Он сделал то, что считал нужным сделать, чтобы выжить. Остерман уверил его в полной безопасности этого шага. Но теперь все оказалось в чужих руках. Теперь рассчитывать на Берни нельзя.
Джо Кардоун вышел из кухни и вернулся в спортзал. Не надевая перчаток, он стал молотить кулаками по груше. Быстрее, быстрее. Сильнее. Резче… В мозгу его зловеще ухало:
«Цюрих! Цюрих! Цюрих!»
В шесть пятнадцать Вирджиния Тримейн услышала, как муж встал с постели. Она сразу поняла – что-то случилось. Он редко просыпался так рано.

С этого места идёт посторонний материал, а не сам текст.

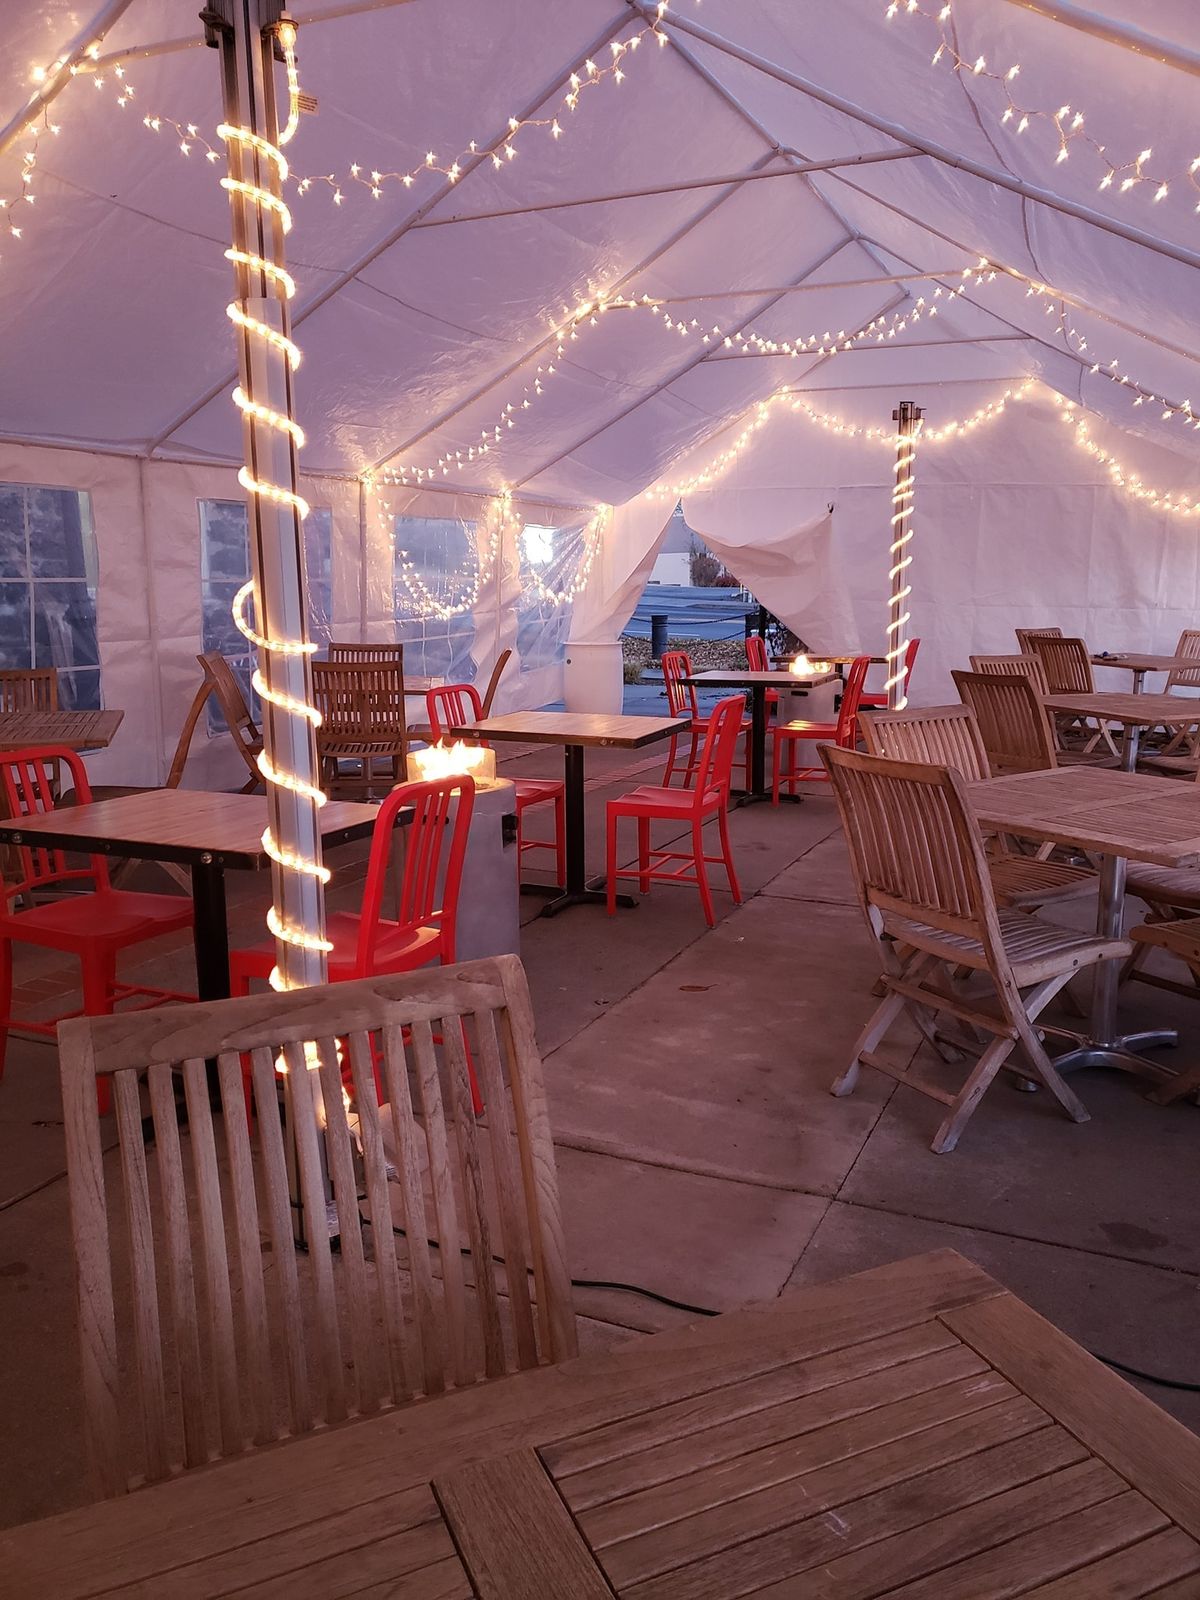 Bark, A Rescue Pub, which opened its doors in August, has installed a large vaulted tent with lights.  (Kris Kilduff/For The Spokesman-Review)

Она подождала несколько минут, но муж не возвращался, и Джинни, накинув махровый халат, спустилась вниз. Он стоял в нише у окна в гостиной и курил, держа в другой руке небольшой листок бумаги.
– Что ты делаешь?
– Смотрю вот на это, – тихо ответил он.
– На что? – Она взяла лист из его рук.
«Остерегайтесь своего приятеля-журналиста. Его дружеские чувства лживы. Он не тот, за кого себя выдает. Возможно, нам придется взять на заметку его гостей из Калифорнии.
Блэкстоун».
– Что это такое? Откуда ты это взял?
– Я услышал странный шум под окнами минут двадцать назад. Потом заработал мотор автомобиля: тише – громче, тише – громче… Я думал, ты тоже слышишь – ты натянула на голову одеяло.
– Да, кажется, слышала, но не обратила внимания.
– Я спустился и открыл дверь. Прямо передо мной на коврике лежал конверт.
– Что это может значить?
– Пока не знаю.
– Кто такой Блэкстоун?
– Скорее всего, что никто. Просто вымышленная фамилия, чтобы письмо не выглядело анонимкой. – Ричард Тримейн опустился в кресло и аккуратно затушил в пепельнице недокуренную сигарету. – Подожди, пожалуйста. Дай мне подумать…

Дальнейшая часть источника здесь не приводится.